Il Tribunale di Agrigento in composizione collegiale ha rigettato il reclamo proposto dalla Banca di credito cooperativo agrigentino confermando  l’ordinanza novembre 2014 e ha dichiarato illegittima la segnalazione effettuata nei confronti di una società che aveva pagato una rata  di mutuo in ritardo. In accoglimento totale della tesi dell’avvocato Giuseppe Accolla, il Tribunale ha messo la parola fine a questa vicenda che ha visto per ben due volte soccombere l’istituto di credito e affermando che la banca, prima della segnalazione alla Crif, Centrale rischi finanziari, avrebbe dovuto avvisare gli interessati tramite raccomandata con avviso di ricevimento a mezzo del servizio postale Poste Italiane.

La banca è stata quindi condannata alla cancellazione dell’iscrizione comunicando alla Crif l’illegittimità della segnalazione, oltre al pagamento delle spese legali.

Il caso in oggetto – commenta l’ avvocato Accolla – costituisce uno dei tanti punti di criticità nei rapporti tra la Banca e la propria clientela: a fronte di un mero ritardo nel pagamento di una rata di prestito spesso le banche procedono alla segnalazione del nominativo del proprio cliente in violazione delle prescrizioni regolamentari vigenti in materia e delle indicazioni fornite dalla Banca d’Italia attraverso i periodici aggiornamenti trasmessi agli enti interessati .
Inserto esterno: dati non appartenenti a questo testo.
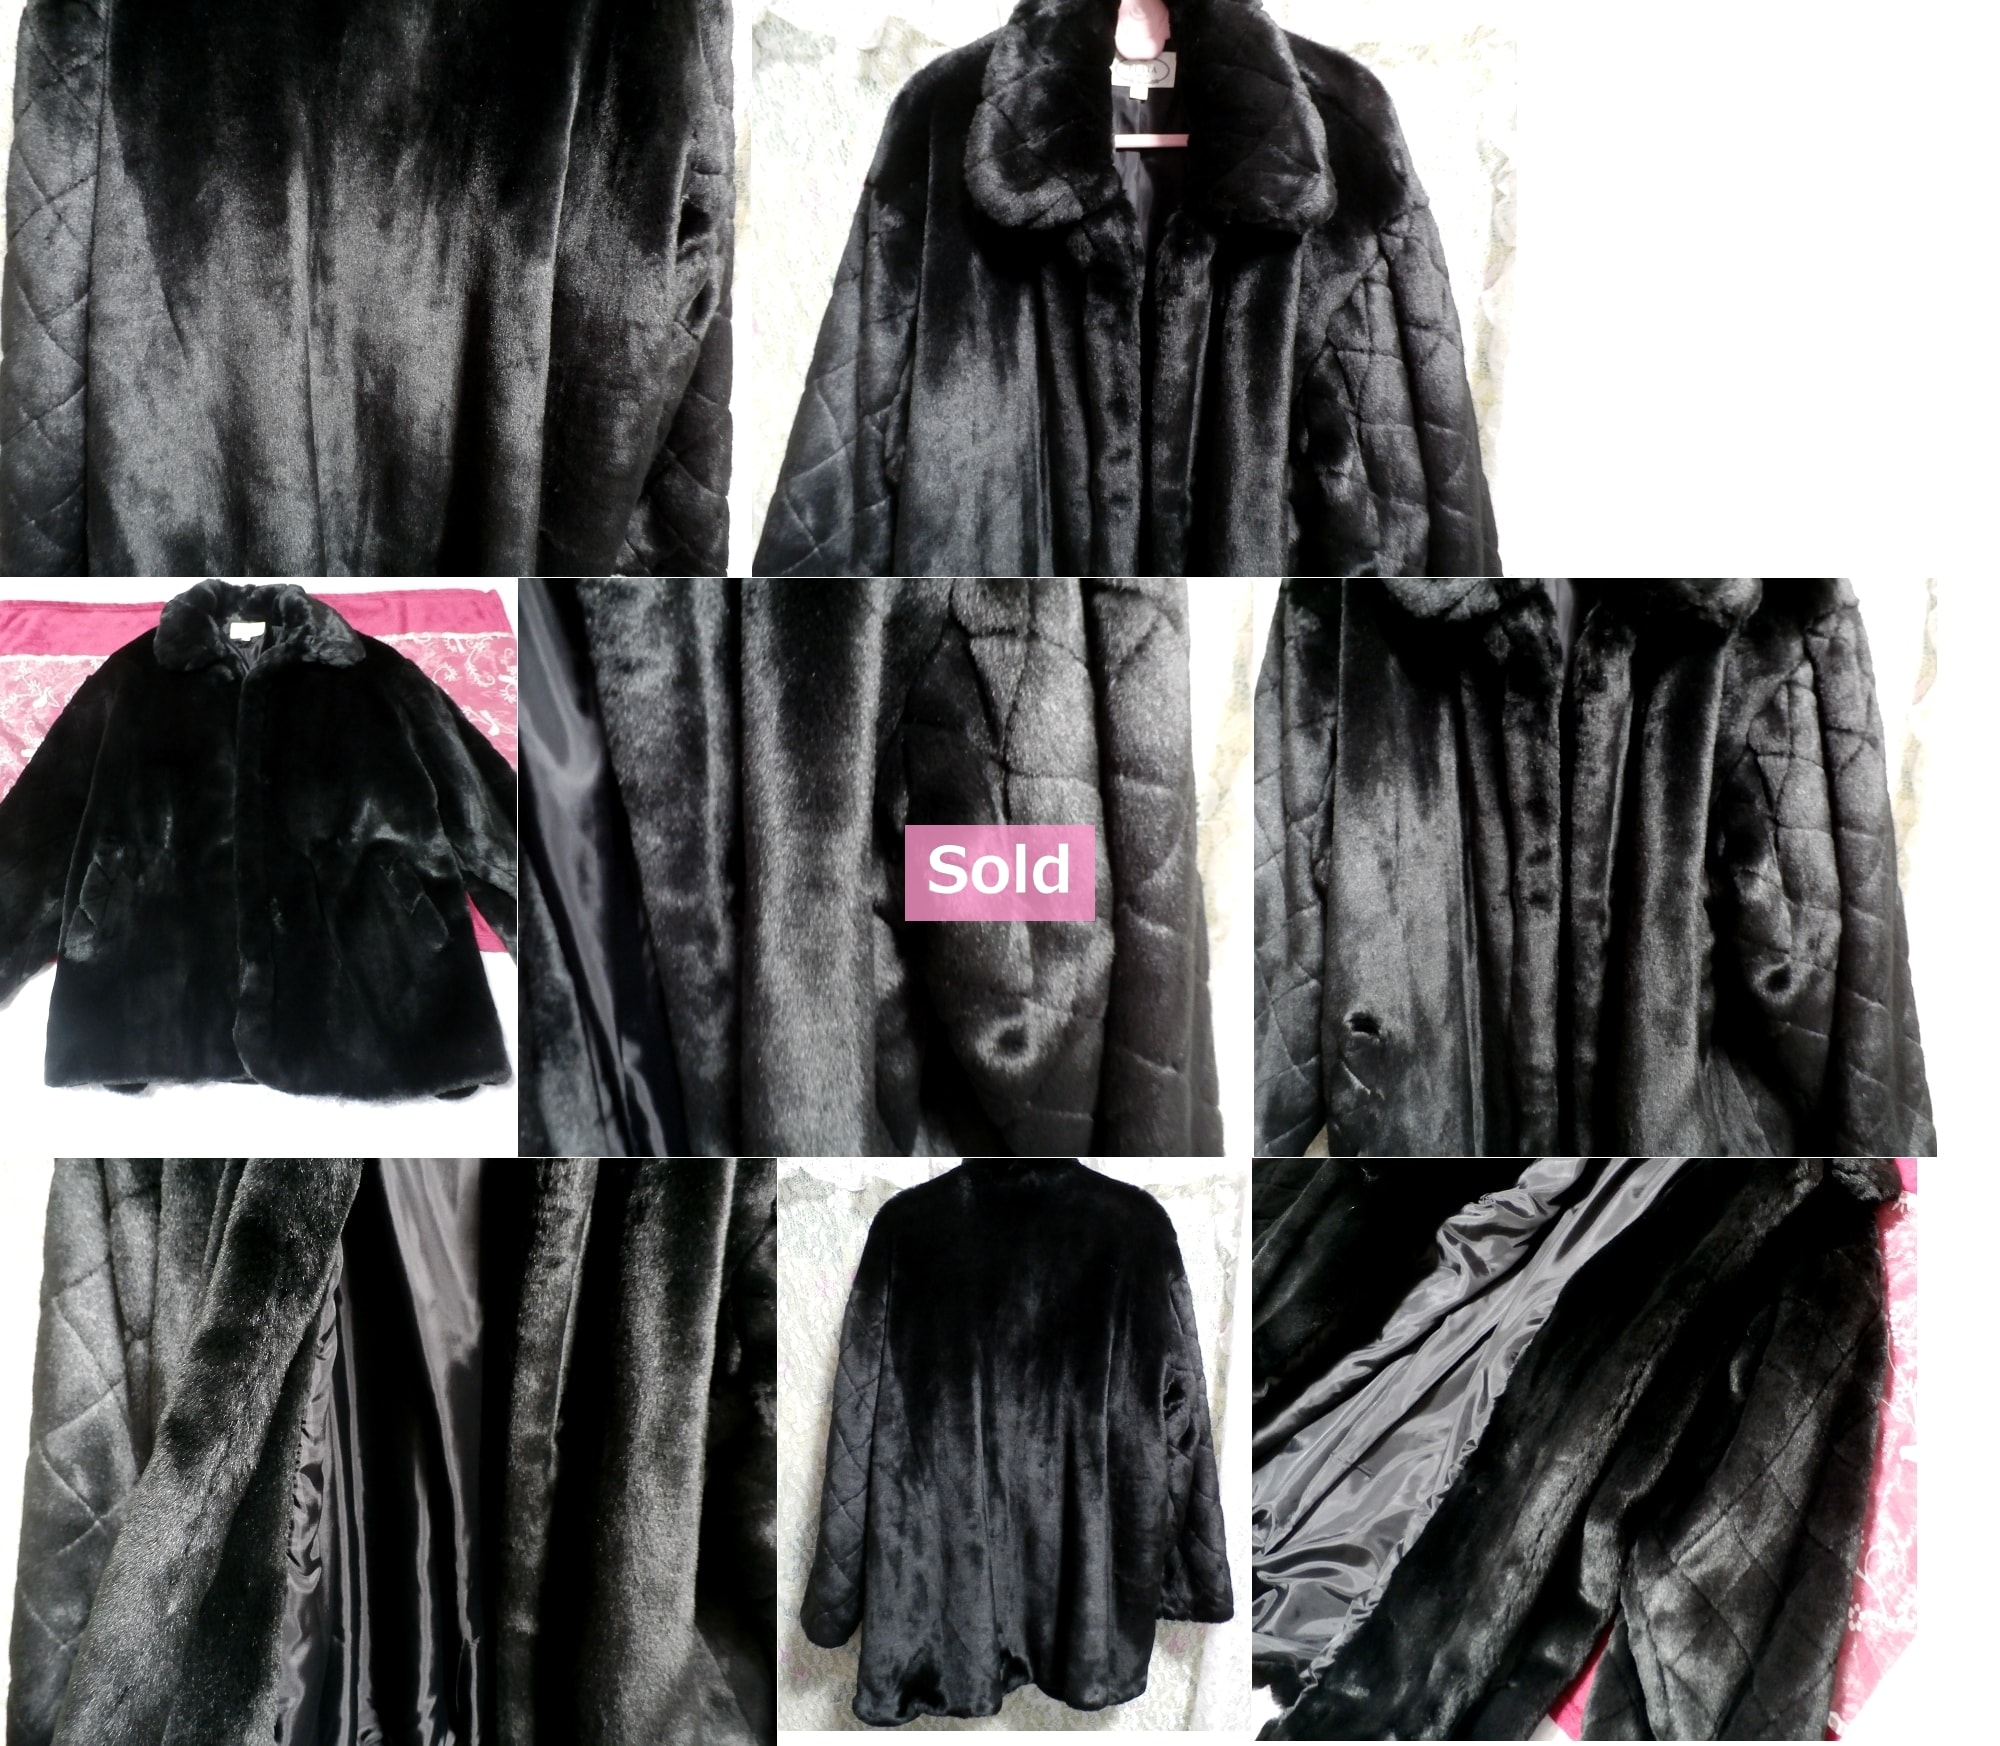 Black beautiful fur coat / cloak Black beautiful fur coat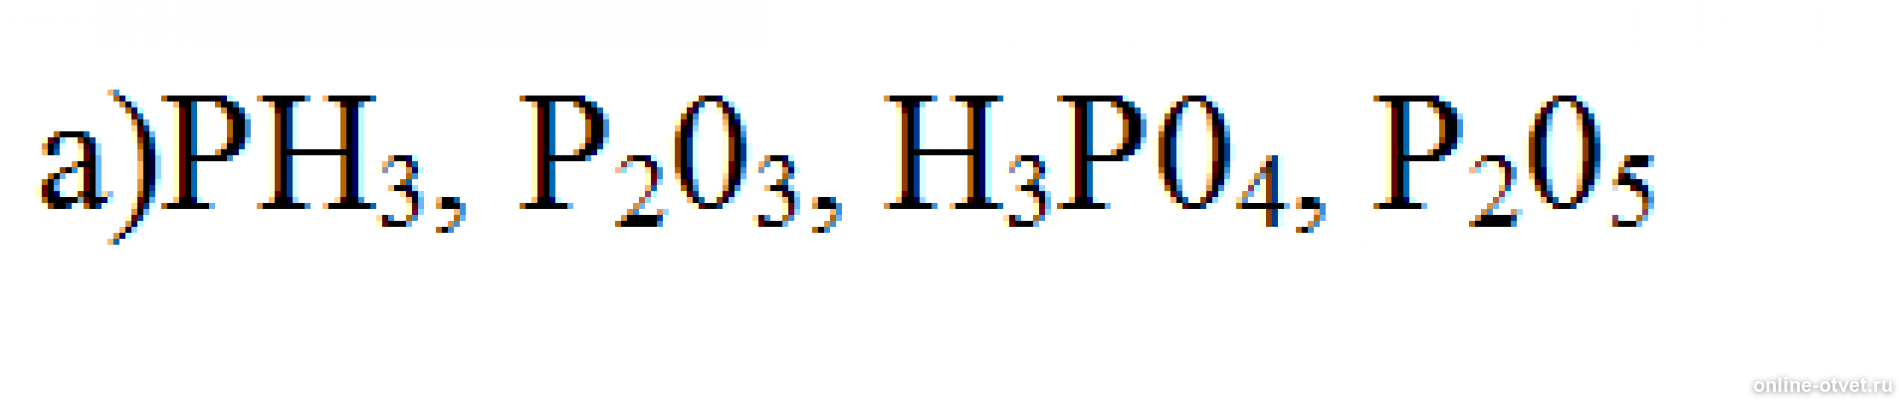 Определите степени окисления элементов sio2. Определите степень окисления элементов ph3. Определите степень окисления элементов в соединениях ph3. P203 химия. Определите степень окисления в соединениях ph3 nabr, co2, kclo3.

Si tratta di un potere concesso dalla legge alle banche che dovrebbe essere utilizzato con notevole prudenza atteso che la segnalazione è fonte di gravi conseguenze per i segnalati ai quali viene sostanzialmente inibito l’accesso al credito , e che, invece sovente , viene utilizzato con estrema leggerezza e in totale spregio delle regole.

Ciò è avvenuto nel caso di specie e ciò è stato sanzionato dal Tribunale di Agrigento.

In caso di illegittima iscrizione a una centrale rischi (Crif, Experian, CTC, Banca d’Italia) il consumatore non solo ha diritto a ottenere l’immediata cancellazione dei propri dati, ma ha diritto al risarcimento dei danni.